【続・仙台ジャズノート】定禅寺ストリートジャズフェスティバルなど、独特のジャズ文化が花開いてきた仙台。東京でもニューヨークでもない、「仙台のジャズ」って何?
街の歴史や数多くの証言を手がかりに、地域に根付く音楽文化やコロナ禍での地域のミュージシャンたちの奮闘を描く、佐藤和文さんの連載です。(書籍化しました!)
【佐藤和文】ジャズアルトサックスの基礎から教えていただいているアルトサックス奏者名雪祥代さんがクラシックからジャズに移って20年になるのを記念するライブが2024年12月6日、仙台市青葉区のエル・パーク仙台で開かれました。名雪さんの3枚目のCD「Psithurism(シスリズム)」のリリースを記念する意味もあったので、弟子20人ほどがビッグバンド形式でお祝い演奏しました。筆者は2013年以来、指導を受けているのでもちろん参加。名雪グループのリハーサルから本番まですぐ間近で接する機会を得ました。
ジャズ志願者にとって、人前で演奏する機会は貴重です。ふだんの練習の成果を試されるだけでなく、事前に予想もしなかった事態がいろいろ起きます。場数を踏むほど、何かの足しになるはずだと信じて参加するようにしています。今回はそれに加えて、プロの演奏家が本番までの時間をどう過ごすのか、リハーサルはどんな感じで行われるのかを間近に見る機会となりました。
会場設営のお手伝いができればと早めに行ったため、一部始終を見ることができました。「続・仙台ジャズノート」の連載のため、身近なジャズの現場を求めてうろうろしている筆者としては、最高にラッキーな時間でした。
ピアノの調律が念入りに続く中で、メンバーたちは思い思いに楽器を準備し、確認を続けていました。本番前の緊張感を感じさせながらも、全体としては和やかな空気を感じさせるあたり、さすがにステージ慣れしているように見えました。
お手伝いと言っても、特に決まった役割があるわけではないのでドラマーの露ポンさんに話しかけてみました。露ポンさんは札幌から仙台に移ってきた人。筆者が演奏を聴くのは今回が2回目です。学生時代からドラムで遊んできた筆者にも分かることですが、ドラムの場合、付属品も含めて数が多いのですが、楽器の配置などの細かいセッティングは結局、演奏者が自分でやるしかありません。スタンド類をケースから出すのを少し手伝った後は、パイプ椅子を並べ、ばね式の階段席を組み立てる作業に入りました。リハーサルの直前、名雪さんが「ちょっと早く来た生徒さん」と紹介してくれたので、ふだんなら「関係者以外出入り禁止」のはずのリハーサルも冒頭からしっかり聴くことができました。実に面白い経験でした。
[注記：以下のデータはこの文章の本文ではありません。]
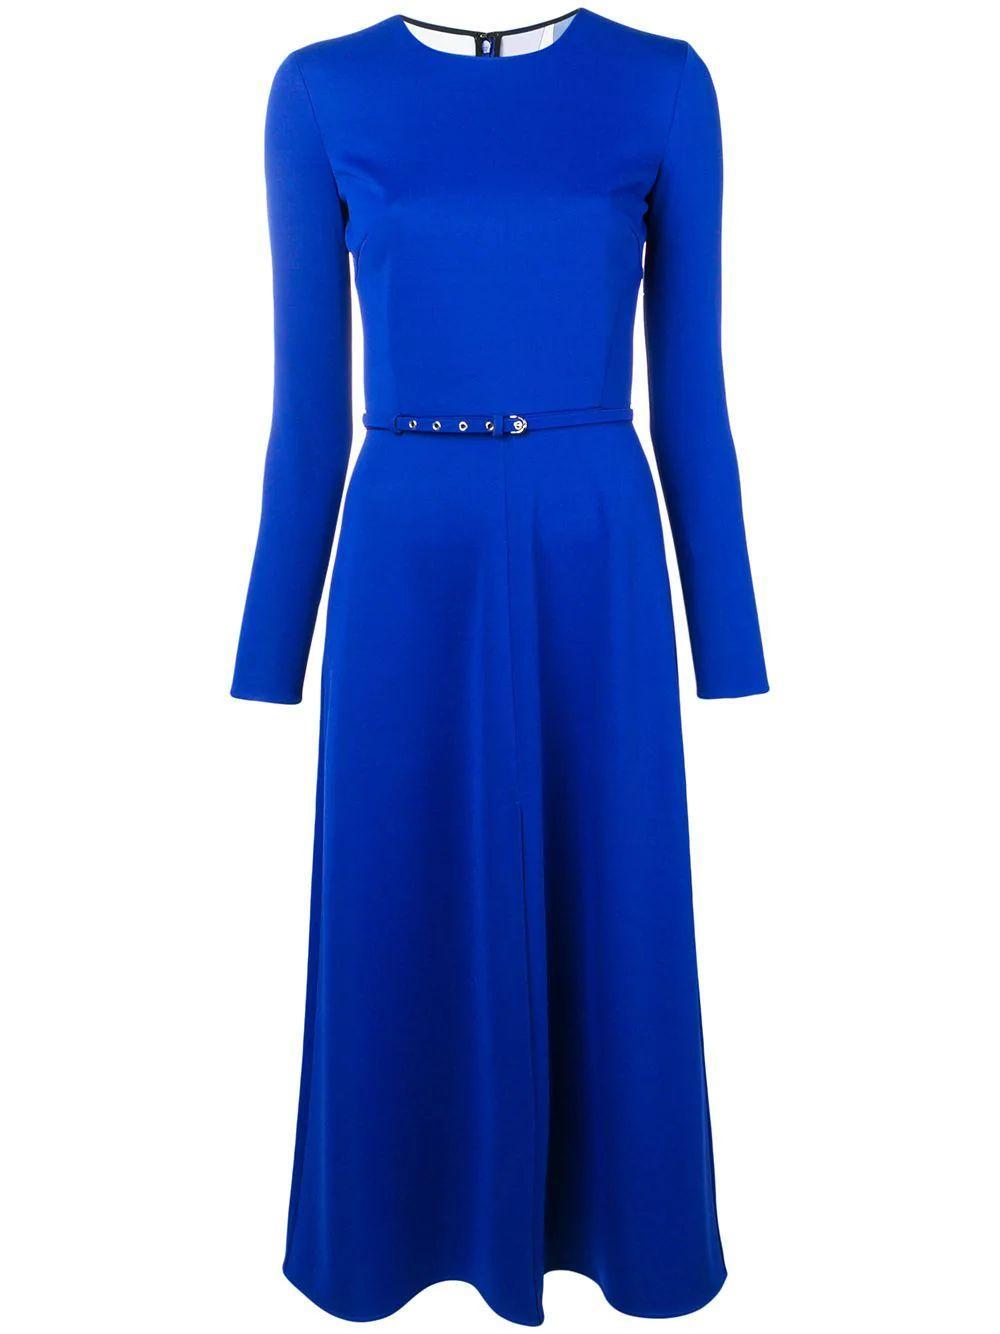 Long Sleeve Midi Dress With Front Slit Item # 9UJH91-9U631

この日の名雪グループは、名雪さんのサックスを軸に、ピアノの谷川賢作さん、ベースの小美濃悠太さん、ギターの細田好弘さん、露ポンさんことドラムの三露采市さん、仙台フィルで活躍したチェロ奏者、山本純さんでした。新譜にも入っている名雪さんのオリジナルを中心に、優しくて、温かい音世界を堪能できました。
蛇足ですが、弟子たち20人ほどが3パートに分かれて参加した曲は『ウィンターワンダーランド」(Winter Wonderland)』でした。メンバーが会場のさまざまな場所から演奏しながらステージに上がる「フラッシュ・モブ」的な趣向でしたが、自分の演奏が気になり、雰囲気を楽しむどころではありませんでした。
事前に予想もしなかったミスが出たのは準備不足?それとも能力の問題でしょうか。本番終了後の週末には、当日のビデオ映像を横目に見ながら、課題曲の構成をあらためて見直す『弟子時間』をたっぷり楽しみましたとさ。みなさん、お疲れさまでした。